Someone else posted this as well, I'm curious to know how he died? I didn't think anything in that park was a keeper. Despite the higher water, I thought most of that park flushed out and it's not that long.


----------



## colorado_steve (May 1, 2011)

i suspect cardiac arrest caused by the swim not a drowning... durango fire/rescue have been all over the banks during the day and it sounds like they where there when this happened. i suspect fire/rescue were the ones that directed the rafters to the welcome center building where the rafters got the defibrillator while cpr was started... but this is only what I suspect, i dont know for certain.

i am confused on where they flipped and how long the swim was before the second boat picked him up.

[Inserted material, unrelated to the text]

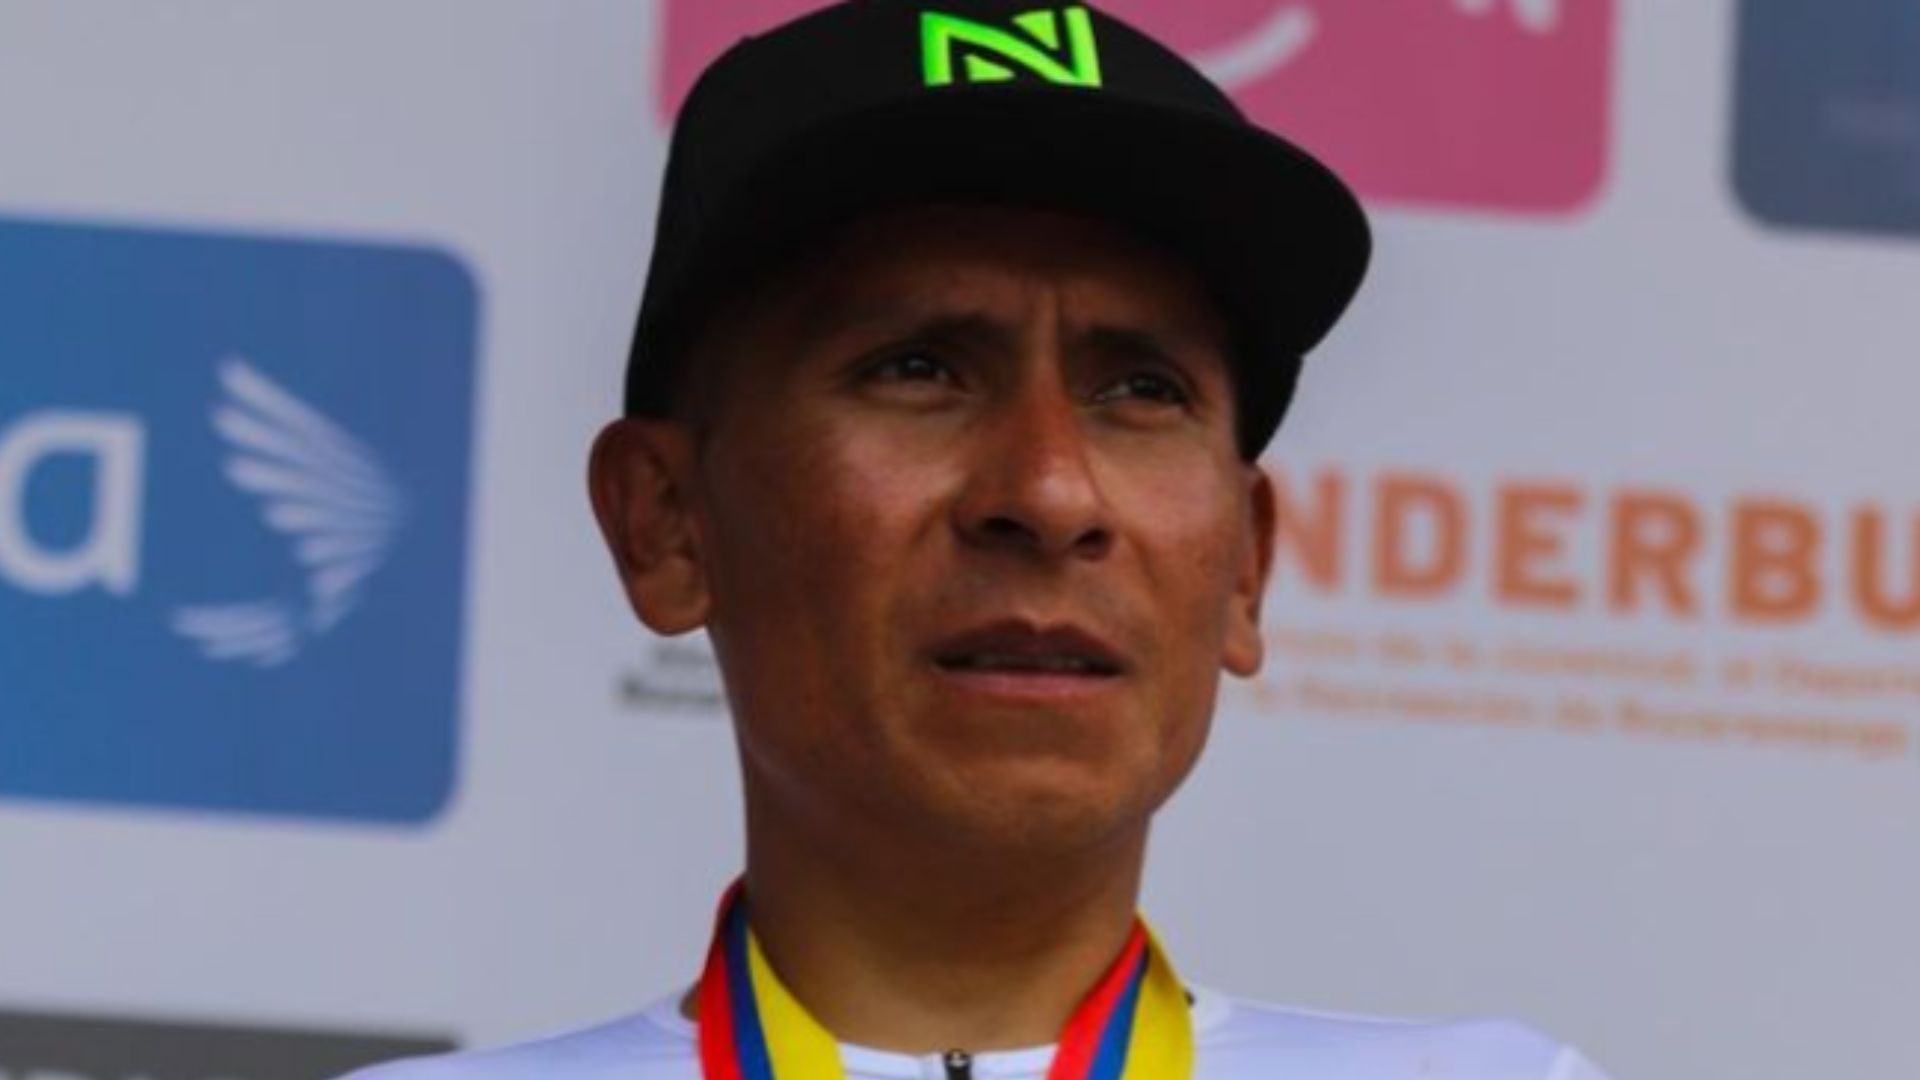 “No le he robado a nadie, no he hecho trampa”: Nairo Quintana sigue buscando equipo tras la sanción de la UCI

condolences to the family and hopefully the guide is doing okay too, lot of younger guides on the animas and something like that could haunt you for a long time

The Durango Herald 06/17/2015 | Cause still undetermined in rafting death


----------



## Don (Oct 16, 2003)

*Flush Drowning*

I would bet that it was either a flush drowning or a heart attack caused by stress and heart seized up in the cold water. Water can shut down the airways in a "Dry Drowning", or your lungs can fill up in a "Wet Drowning" either way your brain is getting no O2. Shock can do crazy things to the human body. My heart goes out to all those involved. This year is filled with great highs and lows. Be safe.

You don't need to get held up to drown.


----------